• Supplied data:
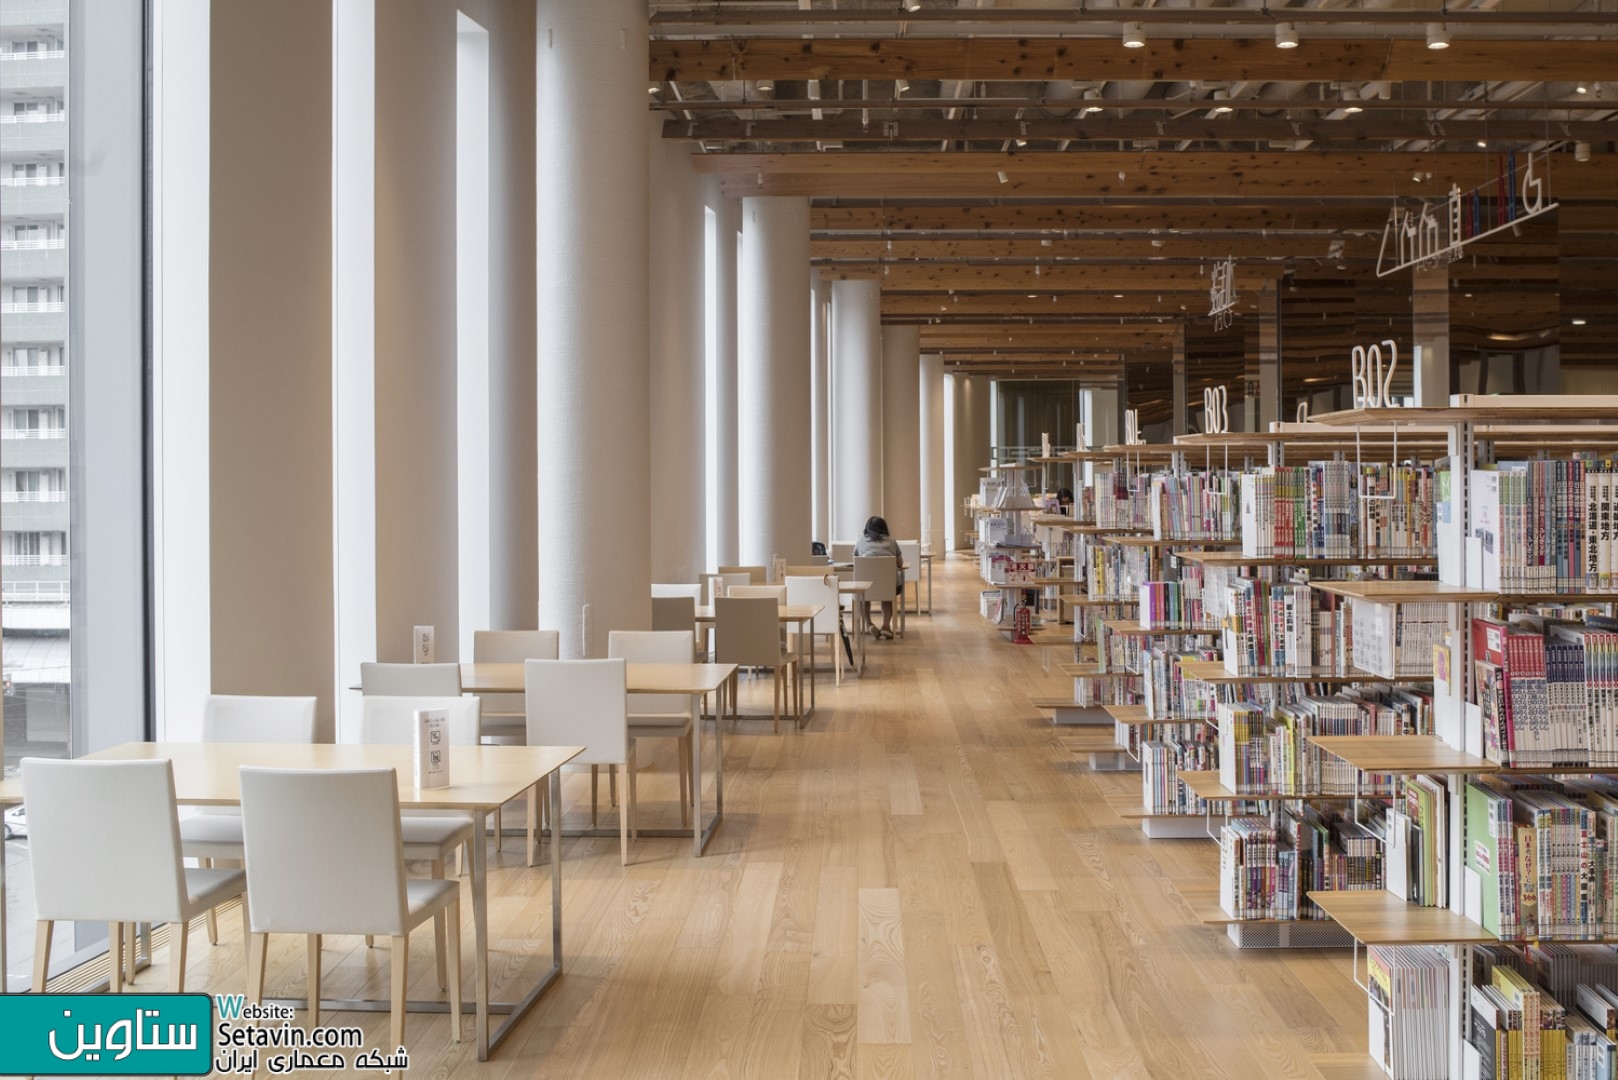 در این پست با ستاوین همراه باشید تا نگاهی به پروژه کتابخانه Toyama Kirari , در قلب شهر تویاما , ژاپن , داشته باشیم ... این ساختمان ترکیبی است از موزه هنر آبگینه ، کتابخانه شهر ویک بانک محلی. یک فضای باز به صورت یک وید بزرگ  در مرکز ساختمان باعث توزیع موثر نور از سمت جنوب شده که به اتصال سه فعالیت اصلی (کاربری) می کند.
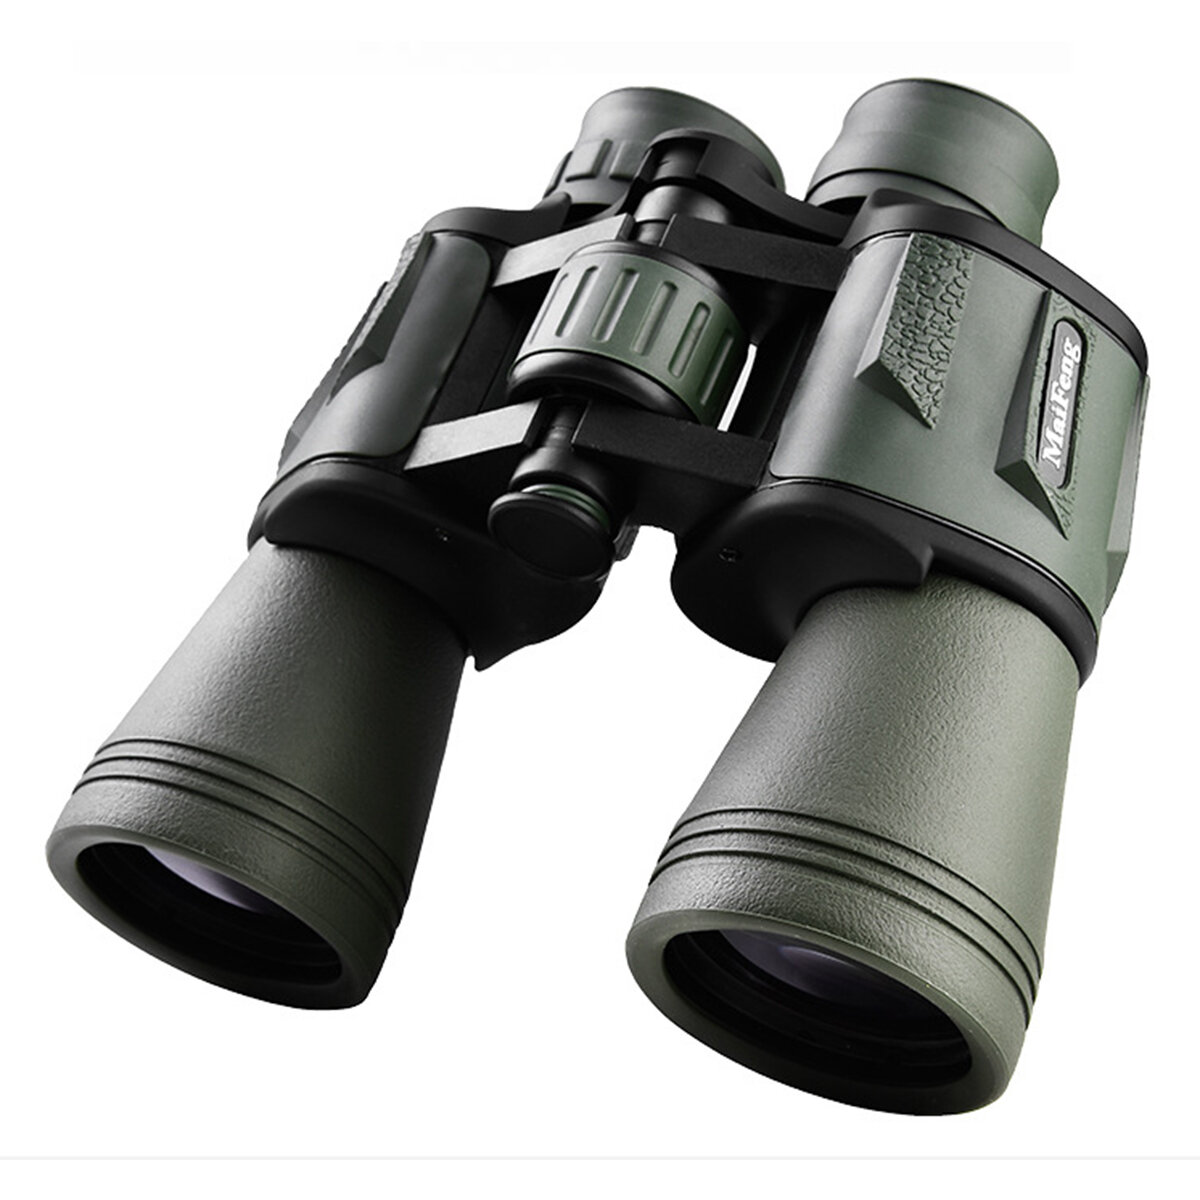 Kính thiên văn chuyên nghiệp cao cấp 20X50 có phạm vi xa với kính đôi độ phân giải cao cho tầm nhìn ban đêm ngoài trời, săn bắn, cắm trại và du lịch.
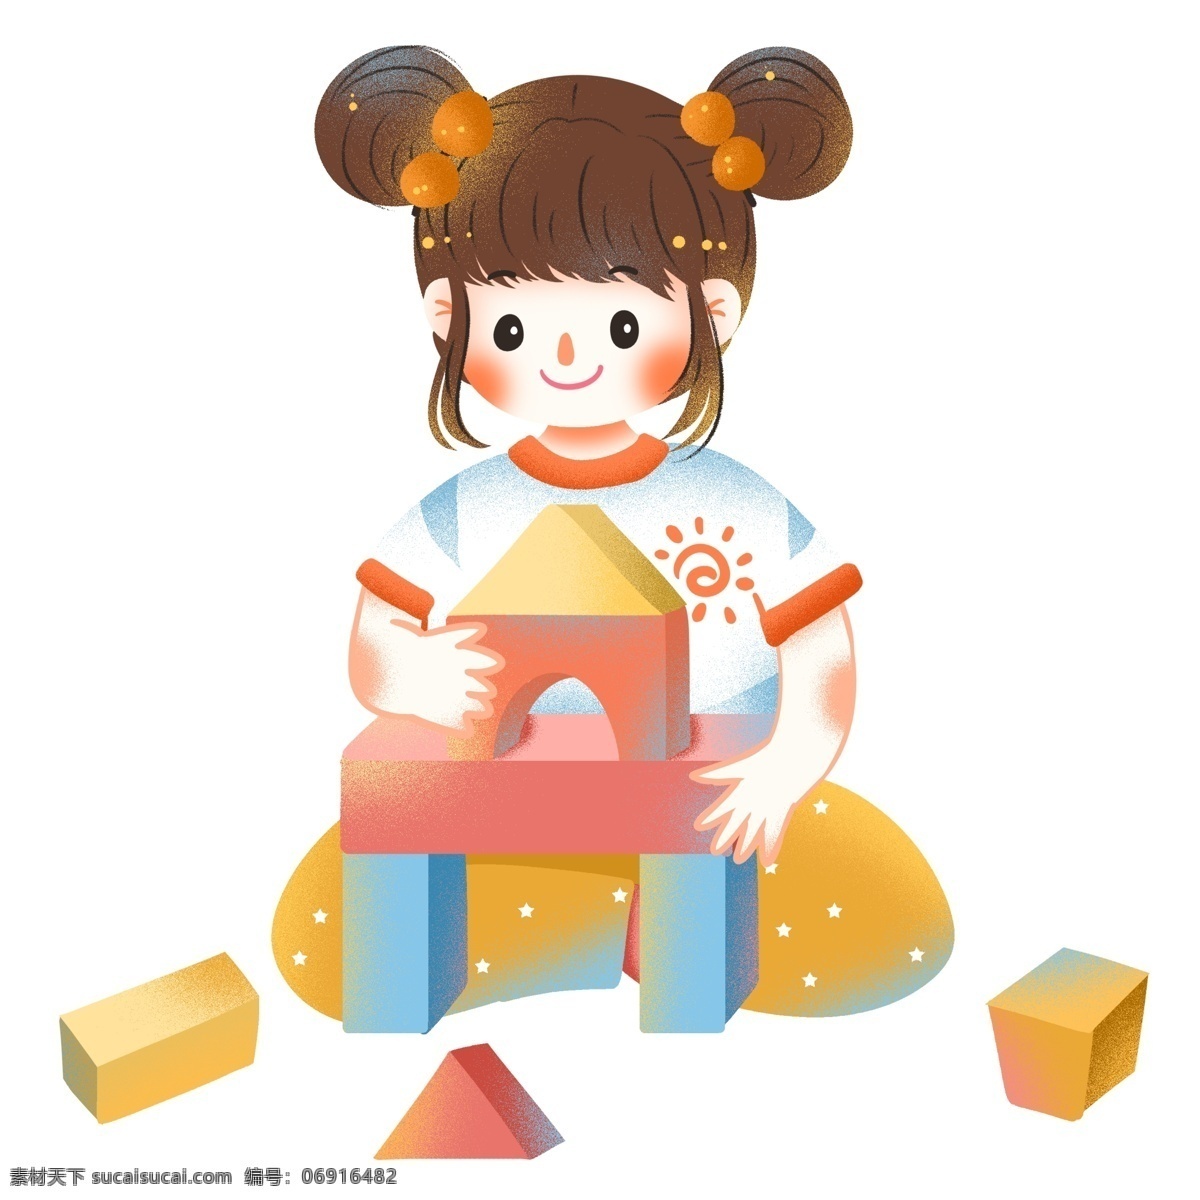 卡通 可爱 玩 积木 女孩子 女孩 插画 人物 玩具 儿童节 节日

• What is required: Retype precisely, and only, the lines from the one holding "Kính thiên văn" through the final line of the data above, with the pictures omitted.

• Exercise response:
 Kính thiên văn chuyên nghiệp cao cấp 20X50 có phạm vi xa với kính đôi độ phân giải cao cho tầm nhìn ban đêm ngoài trời, săn bắn, cắm trại và du lịch.
 卡通 可爱 玩 积木 女孩子 女孩 插画 人物 玩具 儿童节 节日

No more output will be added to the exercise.